Not long after the statue was created, Burmese soldiers invaded Thailand. In a stroke of insight, the Golden Buddha was covered in stucco and glass to hide its value and keep it safe from the invaders.
Who would want a heavy, huge, Buddha statue made of sand and dirt?
The invaders came and went, the statue was spared, and everyone who knew the true nature of the Golden Buddha eventually died. Then, in the 1960s when the statue was being moved from one temple to another, it was dropped. The plaster cracked and a pure gold toe shined through Buddha’s dirty façade. The crack in the façade meant the jig was up. The Golden Buddha’s shiny, perfect nature was realized. It’s nature hadn’t changed; the people were fooled by the façade.

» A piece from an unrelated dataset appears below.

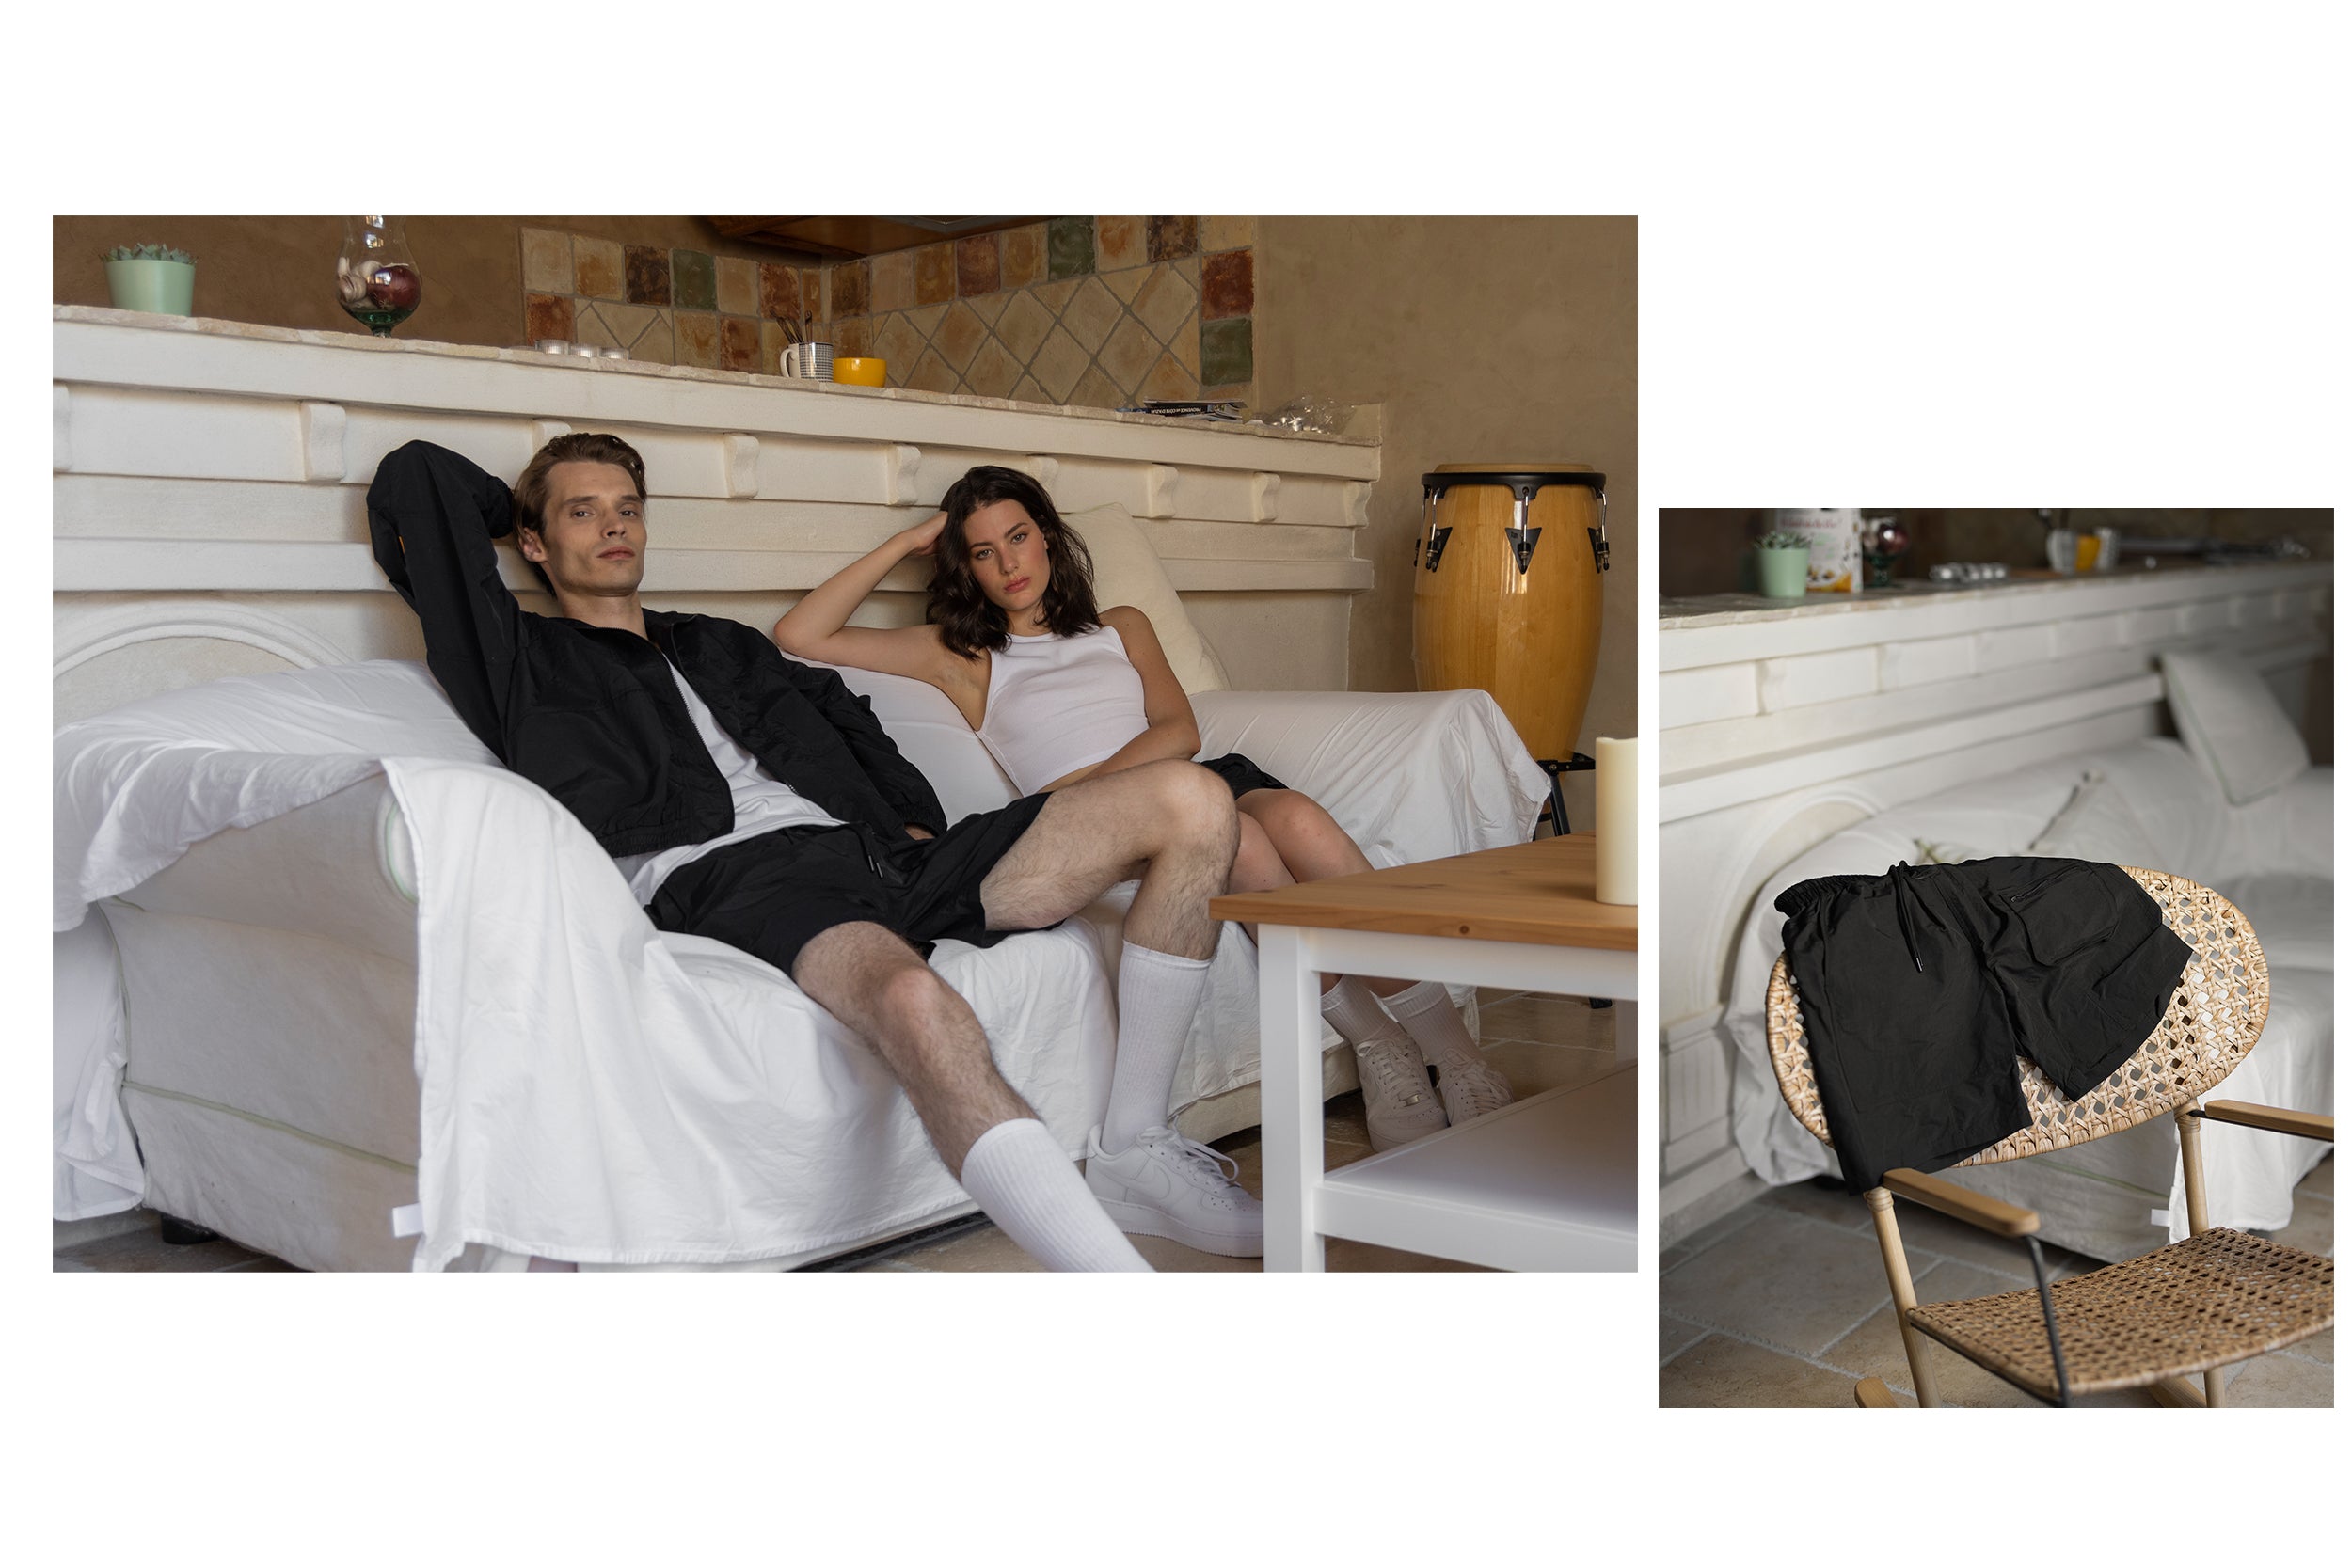 A male model wearing a black zip-up jacket and black cargo shorts is sitting on a sofa next to a female model wearing a white tank top and black cargo shorts.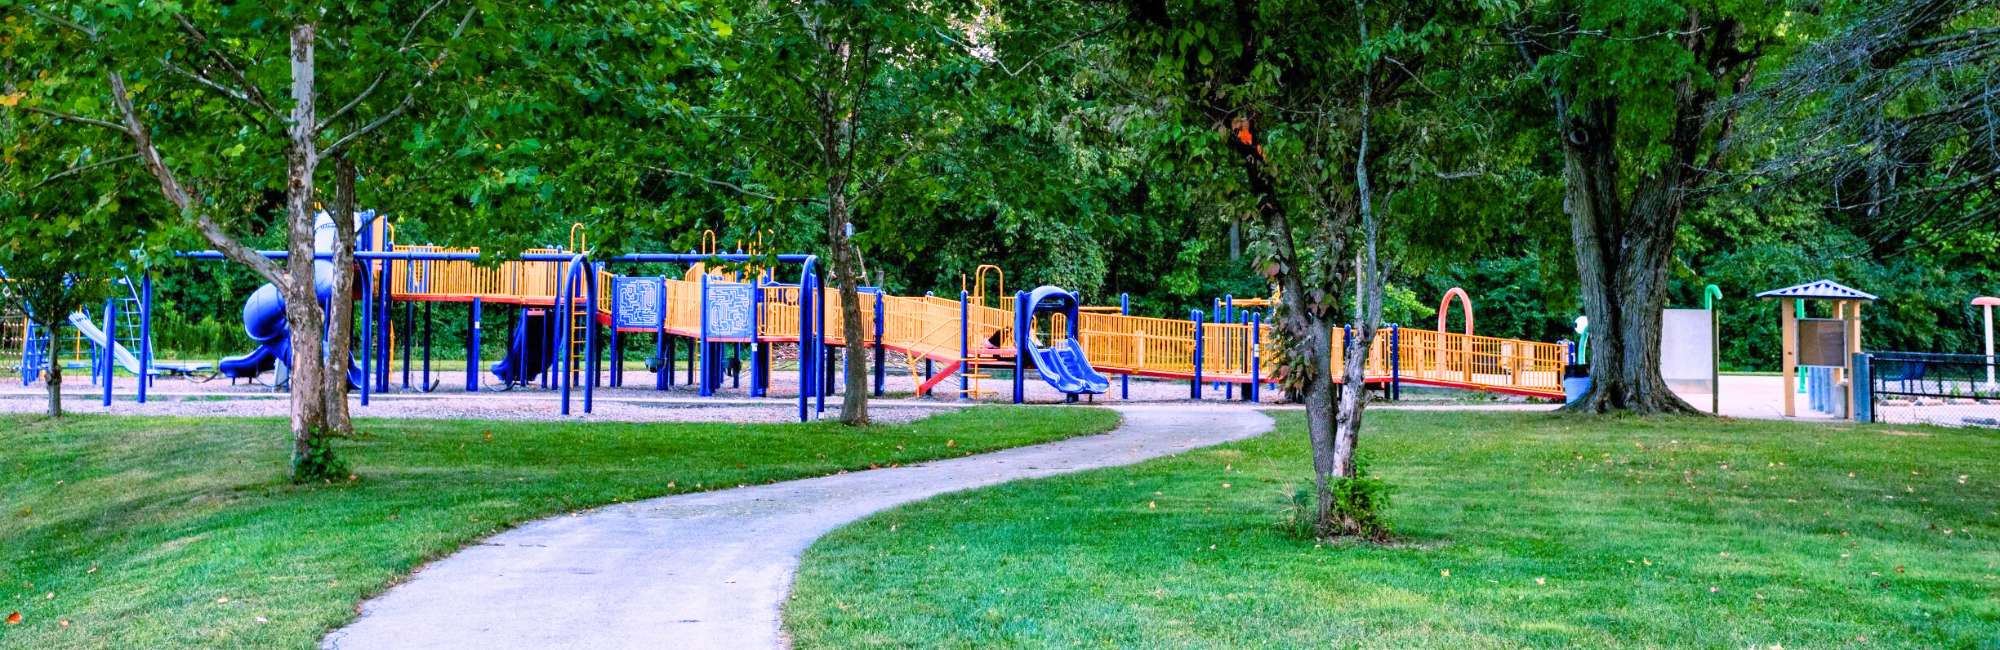 Park with a large expansive playground

When that scary event or early trauma happened to you, you retreated into your head. You looked away from yourself. You saw your stucco façade more and more, and your true nature less and less. You slowly but surely mistook the dirt and sand for who-you-are.
You slowly but surely forgot your true nature. As we do.
But nothing about who-you-are has ever actually changed. You’re as peaceful and connected to all of life as you’ve always been, you’ve just gotten into the habit of listening to your mind a little too closely. We mistake the stucco, the narrator, our conditioned, habitual, machine-like mind for who-we-are.